Make a bins_pCAMBIA.txt file that look like this:
Chrom BinStart BinEnd
pCAMBIA_fwa 0 500
pCAMBIA_fwa 6368 6868
Run binsearch algorithm. Note that the full 150bp PE fq files are used in conjunction with sam files that were mapped based on 50bp reads.
batch-specific-junction-bin-search.py -b bins_pCAMBIA.txt -Q
Perform PRICE assembly on these extracted reads, followed by BLASTn.
batch-uninterleaver-PRICE-Blaster.py ~ekhtan/INSTAGRESS/genomes/combined_pCAMBIA_TAIR10.blastn
Example of Blastn ouput that shows the potential integration sites, which matches the original T-DNA integration sites
# BLASTN 2.2.31+
# Query: contig_2 (841nt) unchanged
# Database: /home/ekhtan/INSTAGRESS/genomes/combined_pCAMBIA_TAIR10.blastn
# Fields: query id, subject id, % identity, alignment length, mismatches, gap opens, q. start, q. end, s. start, s. end, evalue, bit score
# 3 hits found
contig_2 pCAMBIA_fwa 100.00 422 0 0 420 841 6597 6176 0.0 780
contig_2 pCAMBIA_fwa 99.13 231 2 0 349 579 47 277 4e-115 416
contig_2 Chr2 100.00 324 0 0 1 324 75715 75392 3e-170 599
# BLASTN 2.2.31+
# Query: contig_3 (621nt) unchanged
# Database: /home/ekhtan/INSTAGRESS/genomes/combined_pCAMBIA_TAIR10.blastn
# Fields: query id, subject id, % identity, alignment length, mismatches, gap opens, q. start, q. end, s. start, s. end, evalue, bit score
# 3 hits found
contig_3 pCAMBIA_fwa 100.00 488 0 0 134 621 21 508 0.0 902
contig_3 pCAMBIA_fwa 98.75 160 2 0 231 390 6597 6438 8e-76 285
contig_3 Chr2 100.00 119 0 0 1 119 75259 75377 2e-56 220
Original insertion site is at Chr2:752,377 to LB and Chr2:752,392 at to RB of pCAMBIA from what I can tell.

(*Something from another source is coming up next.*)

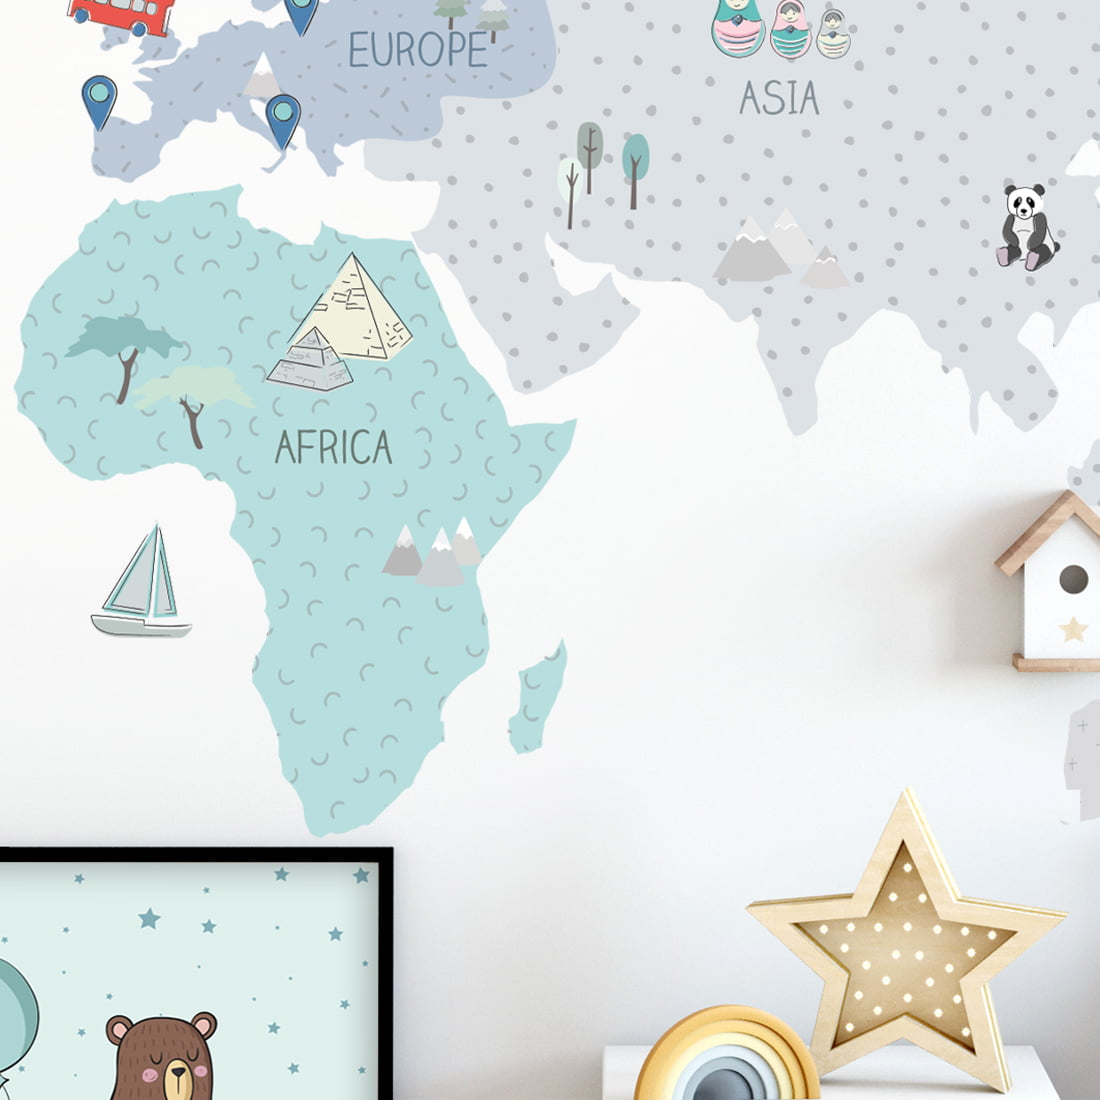 Wandsticker in minze pastell Farben mit Kontinenten Afrika, Europa und Asien unterschrieben auf Englisch

If real, that means the introgression is via the HR pathway/gene conversion (?), and not through NHEJ-associated cut and paste.

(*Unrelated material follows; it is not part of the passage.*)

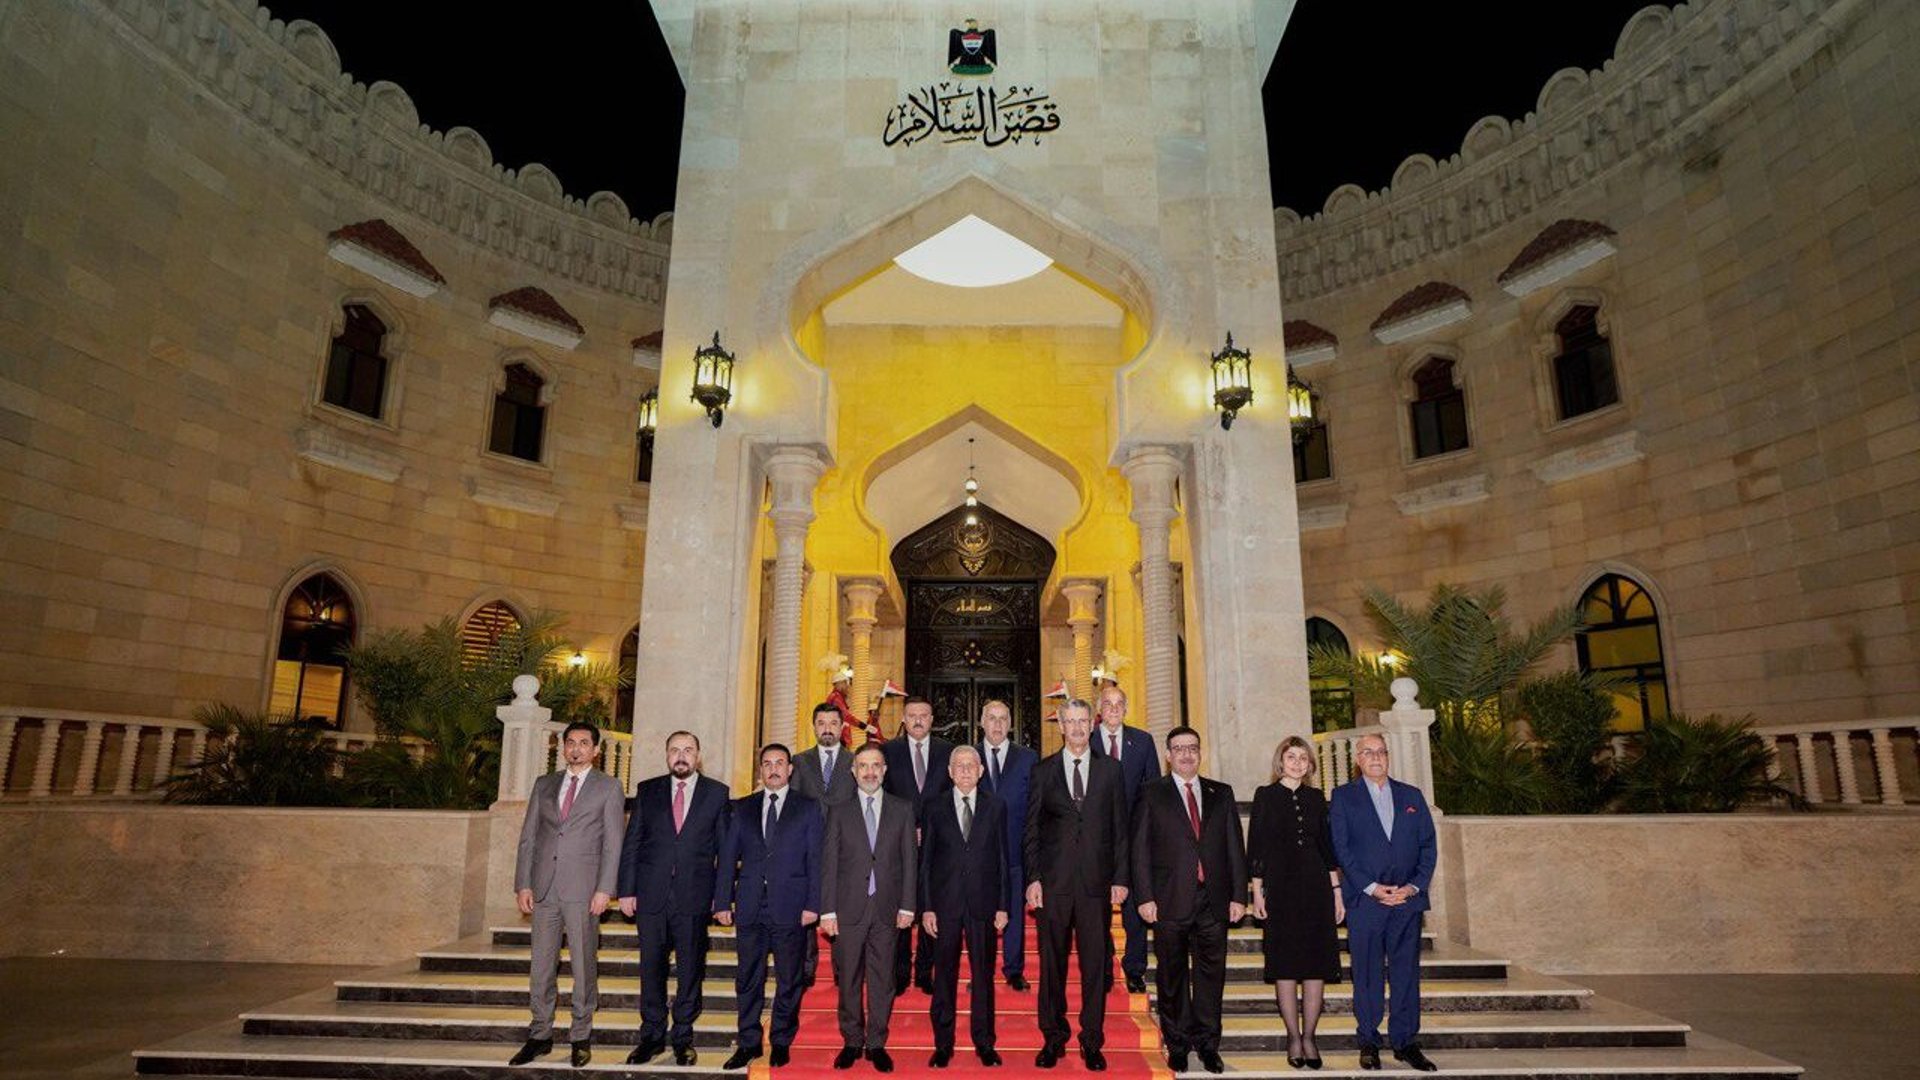 صورة أمام قصر السلام.. رئيس الجمهورية يستضيف عدداً من الوزراء

Two out of the nine lines sequenced (FRAG01451 - plant #12 and FRAG01453 - plant #18) have junction support for an instagress-event on the targeted site on Chr2.
- Caveats
The sgRNA cut sites also contain ~100bp of Chr2 as part of 'donor' pCAMBIA T-DNA from GFP-tailswap parent. Therefore, reconstruction using 150 bp PE reads and PRICE assembly did not yield a clear picture although the majority shows the event as described above.
Solution: PCR oligos 500bp outside the PAM sites for Sanger sequencing has been ordered.